Pharmacokinetics made easy 10 Pharmacodynamics - the concentration-effect relationship
- D.J. Birkett
- Aust Prescr 1995;18:102-4
- 1 October 1995
- DOI: 10.18773/austprescr.1995.088
So far, this series has considered how drugs are absorbed, distributed and excreted by the body the pharmacokinetic phase of drug action. To produce therapeutic or toxic effects, drugs interact with receptors in the body the pharmacodynamic phase of drug action. The drug in the tissues, where drug-receptor interactions usually occur, is in equilibrium with the unbound drug in the plasma.
Drugs usually interact in a structurally specific way with a protein receptor. This activates a second messenger system which produces a biochemical or physiological response, e.g. changes in intracellular calcium concentrations result in muscle contraction or relaxation. The most common receptors are transmembrane receptors linked to guanosine triphosphate binding proteins (G proteins) which activate second messenger systems such as adenylylcyclase (beta adrenoceptors) or the inositoltriphosphate pathway (alpha adrenoceptors).

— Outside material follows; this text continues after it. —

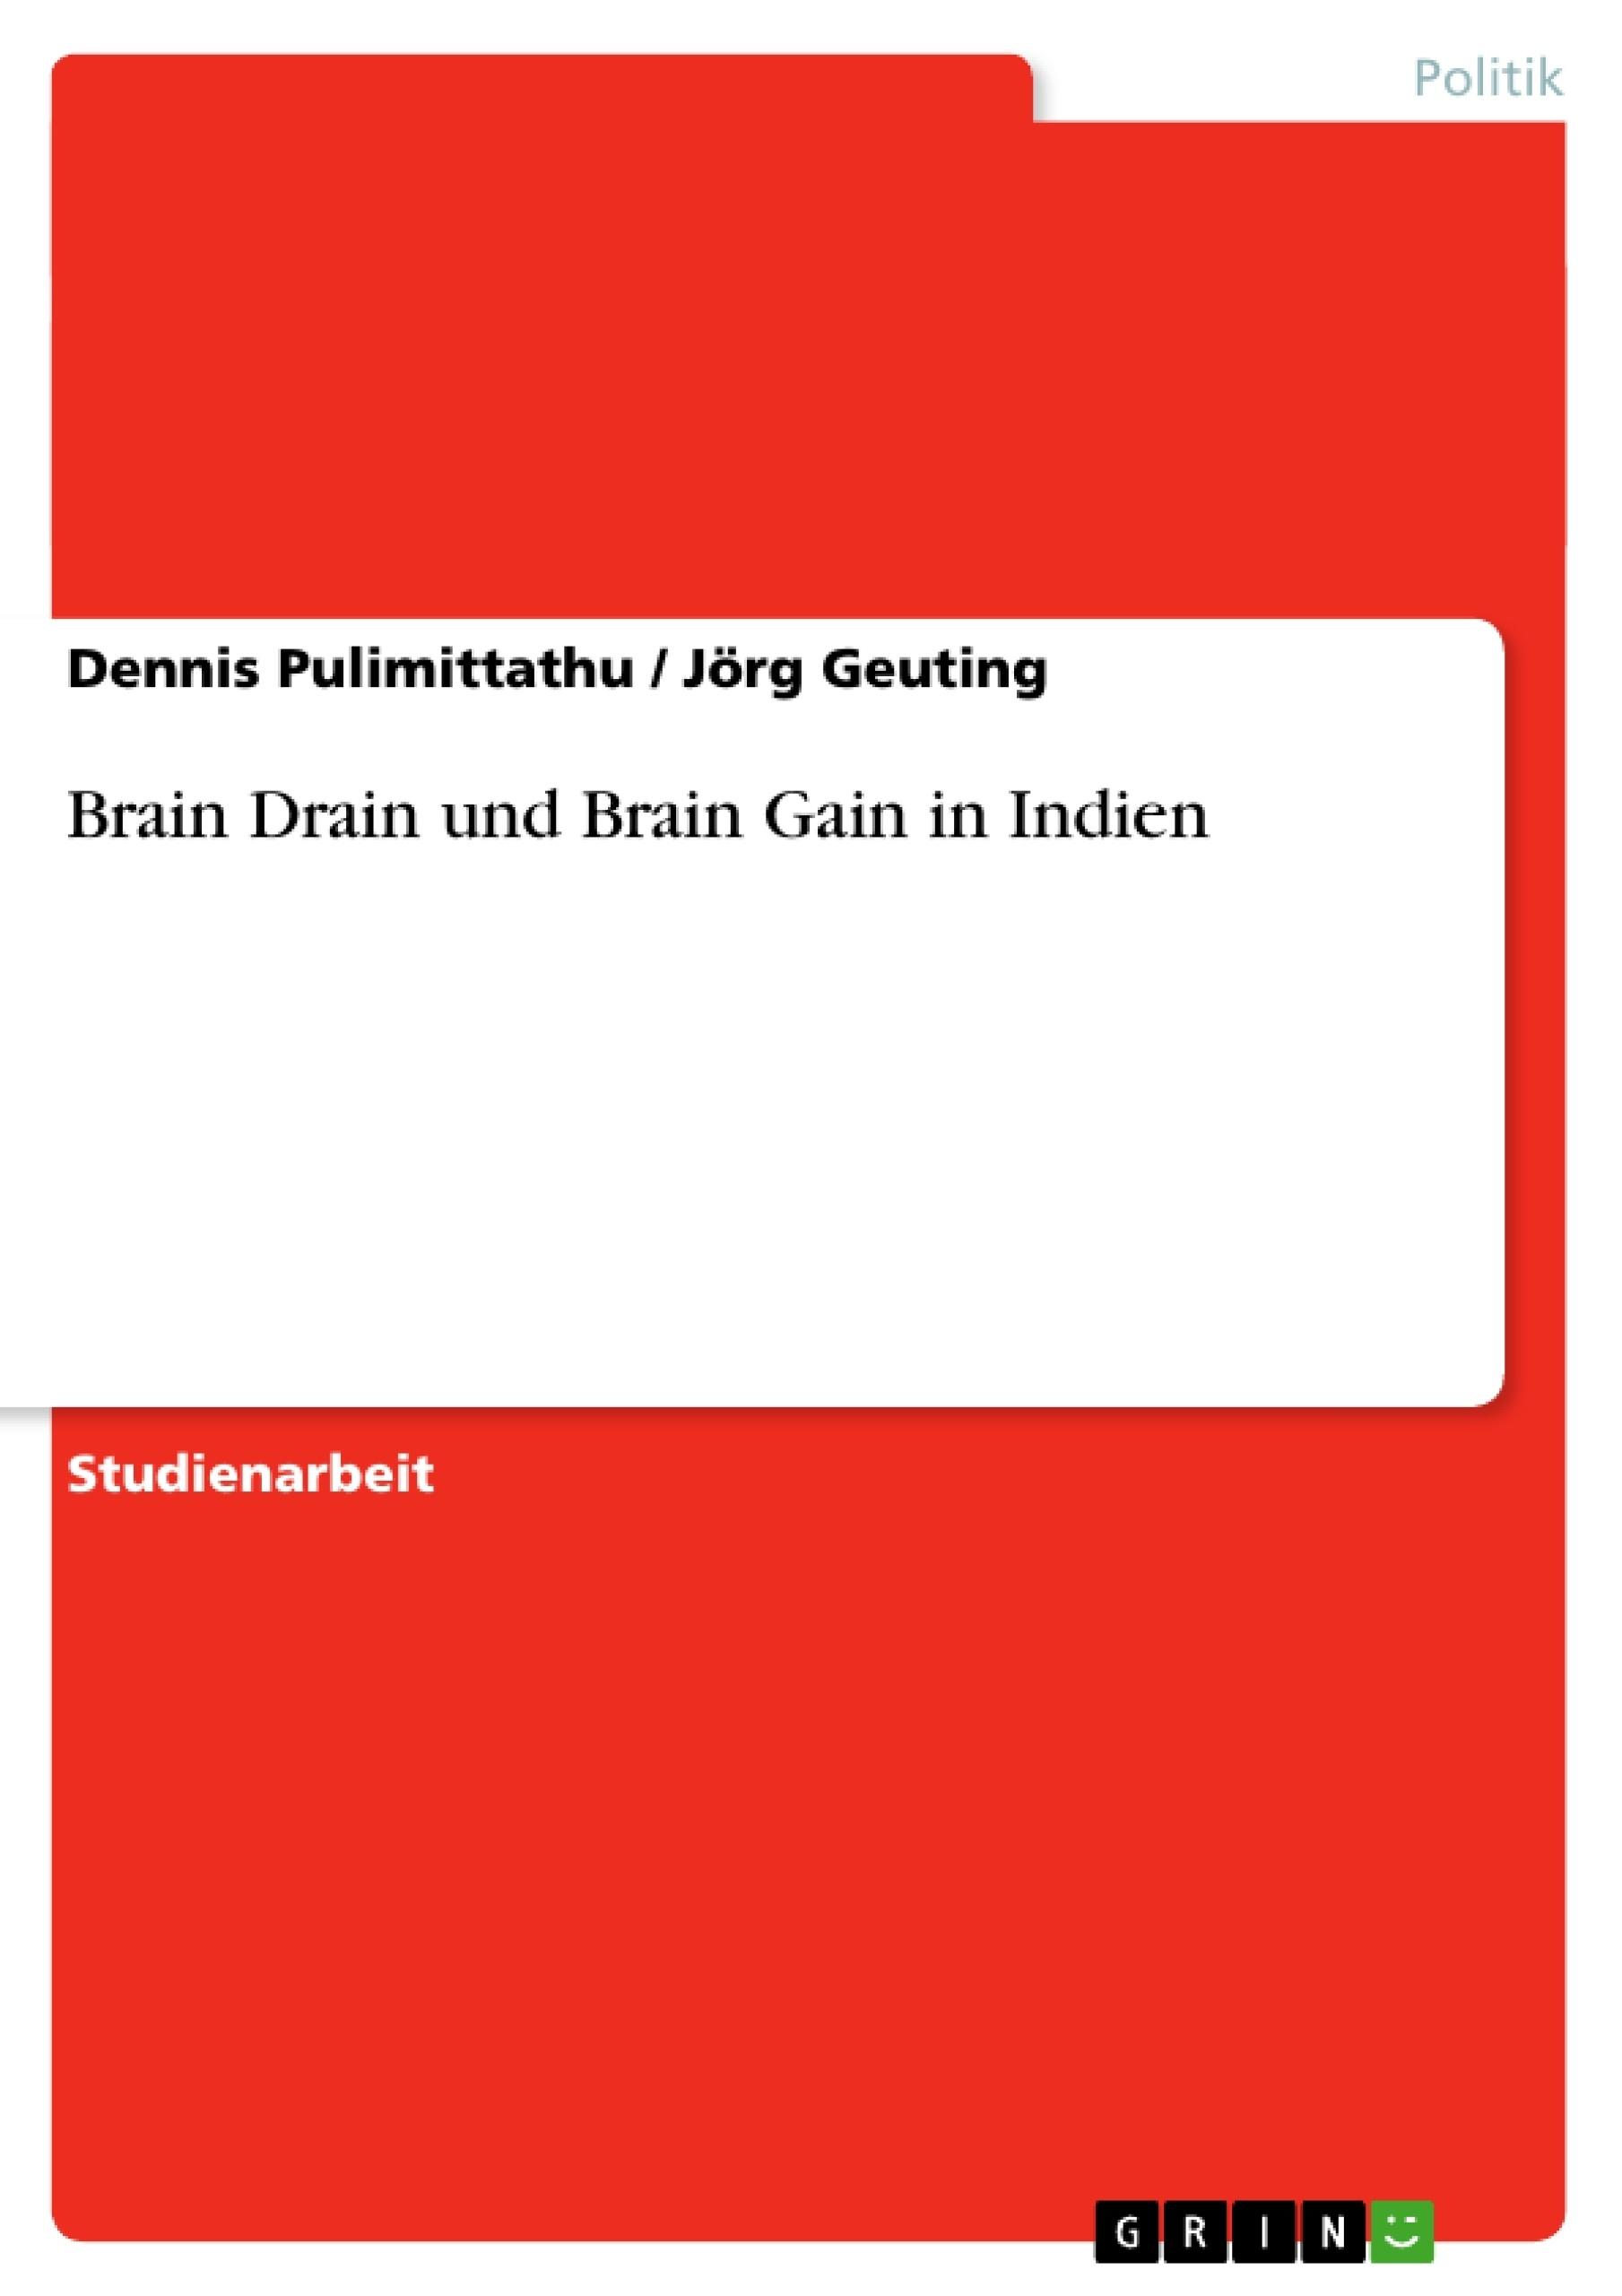 Titel: Brain Drain und Brain Gain in Indien

A drug which binds to a receptor and produces a maximum response is called a full agonist; a drug which binds and produces less than a maximal response is called a partial agonist. Drugs which bind but do not activate second messenger systems are called antagonists. Antagonists can only produce effects by blocking the access of the natural transmitter (agonist) to the receptor. Thus, beta blockers produce relatively little change in heart rate when given to subjects at rest as there is low sympathetic tone and little noradrenaline (the natural agonist) to be antagonised at the beta receptor. The effects of beta blockers are therefore measured after stimulating the sympathetic system (usually by exercise) e.g. the degree to which exercise induced tachycardia is blocked. Partial agonists produce an effect if no agonist is present, but act as antagonists in the presence of a full agonist. Pindolol, a beta blocker which is a partial agonist, produces less decrease in heart rate than pure antagonists such as propranolol.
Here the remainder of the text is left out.